And they drink beer and don’t care about your orgasms either!
Slow news day at The Huffington Post, as it runs a “the difference between men and women is…” article so deeply mired in archaic stereotypes and generalizations you might think for a moment that you’re reading The Onion.
Forget sex, communication, in-laws and the toilet seat wars. If you really want to stir up a hornet’s nest inside a marriage, just bring up the subject of naps.
Men love them and women despise them.
Actually, let me rephrase, men love to take them and women despise them for enjoying it.
“But why?” says the man. “Haven’t I earned it? Don’t I deserve it? Isn’t your home supposed to be where you relax?”
Well, sort of…in most cases, men view their home as a refuge while women think it’s the place where the real work gets done.
When a woman sees a pile of dirty dishes and laundry strewn about the floor, we don’t just see a mess, we literally feel failure. We could have spent the workday brokering world peace, but if our home isn’t running smoothly, we feel out of whack. It might not make sense, but it’s the way most of us are wired.
For men, home is a place to escape from work. When he walks in, he doesn’t see a system out of balance, disorganized supplies or poorly maintained equipment. All he sees is a long soft comfortable surface — which if you knock the pizza boxes and old newspapers off — is the perfect place to lay down.
What is this, the fucking Lockhorns? You could play a game of Bingo with all the truisms here: men are lazy, inconsiderate slobs, women are resentful shrews who value themselves only according to how their homes look. Is her next article going to be about how men can’t cook and women like to go shopping all the time? It’ll be a great day for both man and womankind when people stop excusing insulting, negative gender cliches as some sort of product of evolution.
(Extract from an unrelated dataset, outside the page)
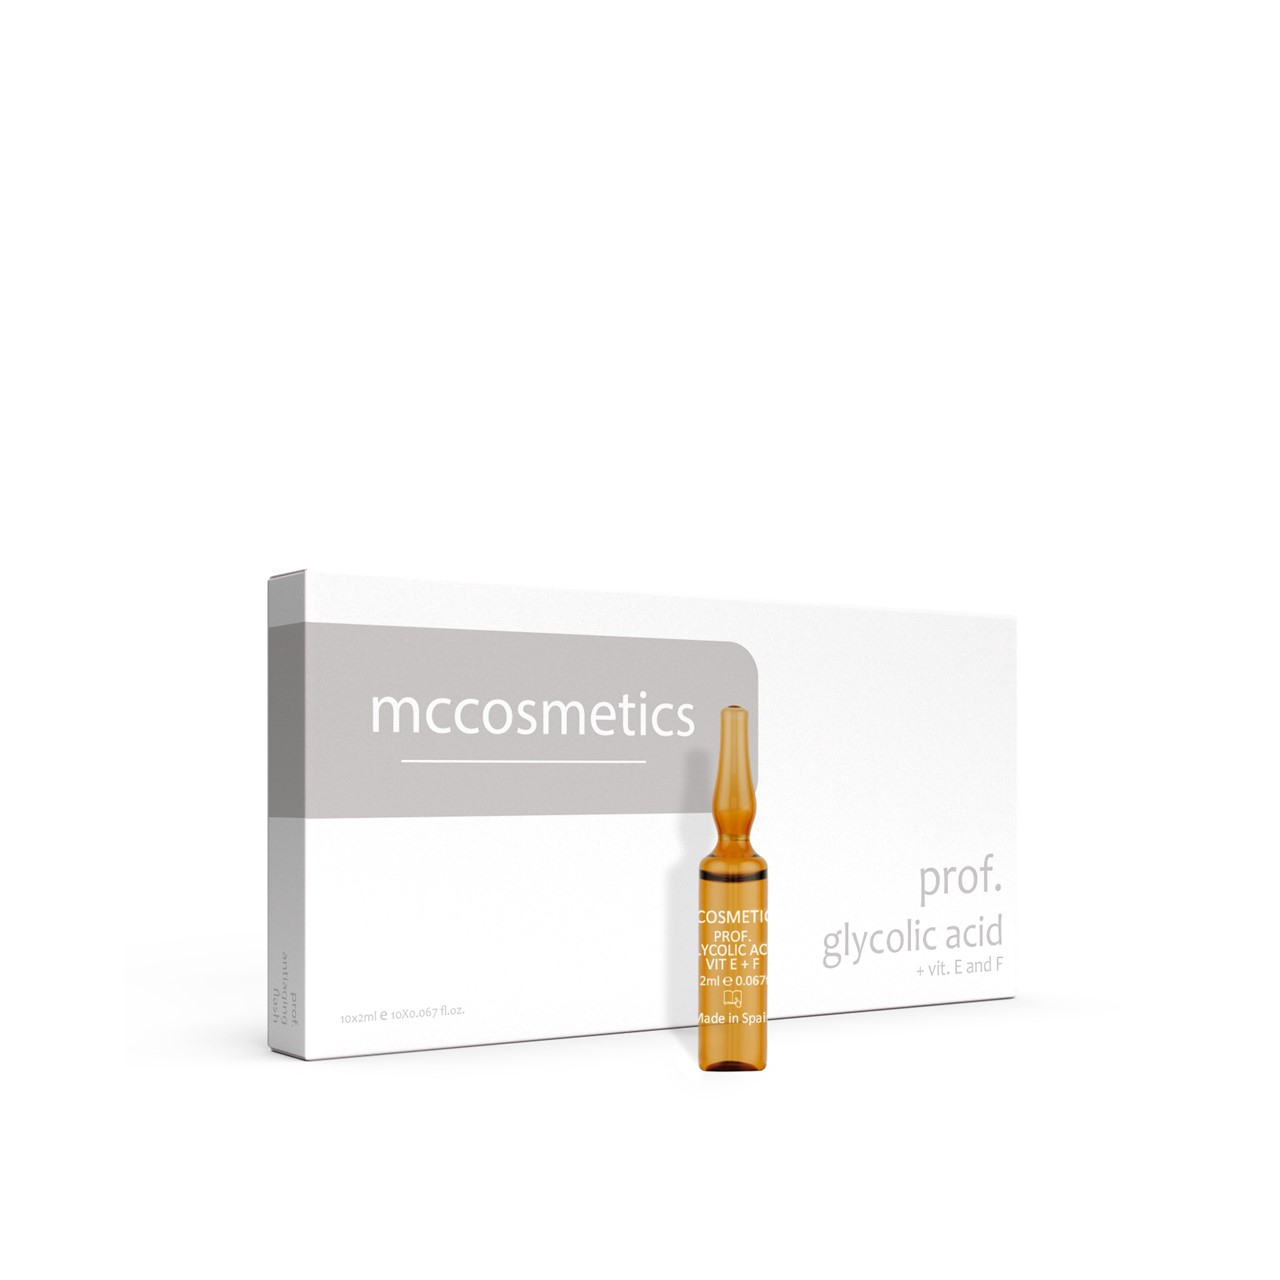 mccosmetics Prof. Glycolic Acid + Vit. E and F Ampoules 10x2ml (10x0.07fl oz)

Women are “wired” to manipulate to get what they want, obsess about cleaning and choose the wealthiest suitor over the ones who are most likely to treat her well. Men are “wired” to cheat, compete with each other over everything from jobs to Buffalo wing eating contests and not give a shit about maintaining order in their homes. If I had known sooner that evolution was going to turn us all into self-absorbed assholes, maybe I would have tried to find some logic in the notion of intelligent design.
Let me say this: I fucking love naps. Love them. I got into the habit of napping back in high school (sometimes actually in school, which probably explains why I’m doing this for fun instead of jetsetting to the Riviera on my income as CEO of a major corporation), and ever since then I’ve never passed up the opportunity to doze for an hour or so if I have nothing better to do. Sometimes more than an hour–like George Carlin I’ve occasionally fallen asleep while it was still light out, woke up after dark and didn’t know what goddamn day it was. I highly recommend naps for everyone, especially if you’re the kind of tightly wound control freak who goes into core meltdown if your glasses come out of the dishwasher with spots on them. Your body needs time to relax and recharge, that’s scientifically proven, unlike the idea that women are naturally predisposed to spend hours scrubbing away the imaginary soap scum in our bathtubs.
Here’s another thing: I’m kind of a slob. When I clean my house, it’s not because I’m giving in to my womanly urges, it’s because I don’t want to live in squalor. I really don’t care if my house is Martha Stewart-ready, I just don’t want it to look like something out of The Amityville Horror. I honestly had no idea until I read this article that women apparently view Saturdays as reserved for cleaning the house top to bottom, a task so complicated and involved that it takes all day, with not so much as a half hour to spare for a quick nap. I’ve spent most of my life looking at Saturdays, for the most part, as just like Sundays, an opportunity to relax, enjoy time with your friends and/or family and have some fun. Sure, you may have to take time to do something annoying, like get your oil changed or go to Target, but generally speaking it shouldn’t involve delegating a day’s worth of labor and lambasting your partner for taking a break to chill, certainly not every damn week. If cleaning your house once a week takes an entire day, with both you and everyone else in the house helping, either your house is too big or you’re possibly suffering from OCD, simple as that. Wouldn’t it be easier to just break up household tasks over the week, i.e. living room on Tuesday, bathroom on Wednesday, etc.? That’s how I do it, when I can remember to stay on top of things. On the other hand, sometimes (okay, quite often) I let things pile up, but the point is that it gets done eventually. However, according to Lisa Earle McLeod, not caring if the laundry doesn’t get put away immediately is a uniquely male quality, so apparently there’s a penis laying around somewhere with my name on it. Probably under the pile of laundry.
For that matter, while I certainly know quite a few men for whom housekeeping isn’t a huge priority, I also know a fair amount who are very conscientious of such matters. That’s what makes McLeod’s piece so aggravating, it’s lazy, uninspired writing on a boring, played out subject. She might as well have cribbed Erma Bombeck’s old columns from the 60s and 70s, all she’s missing is the complaints about her son playing that crazy rock ‘n’ roll nonsense all night and her daughter trying to leave the house in one of those new miniskirts all the neighborhood hussies are wearing. Step out of your time machine, Lisa, sloth isn’t a sin specific to one gender.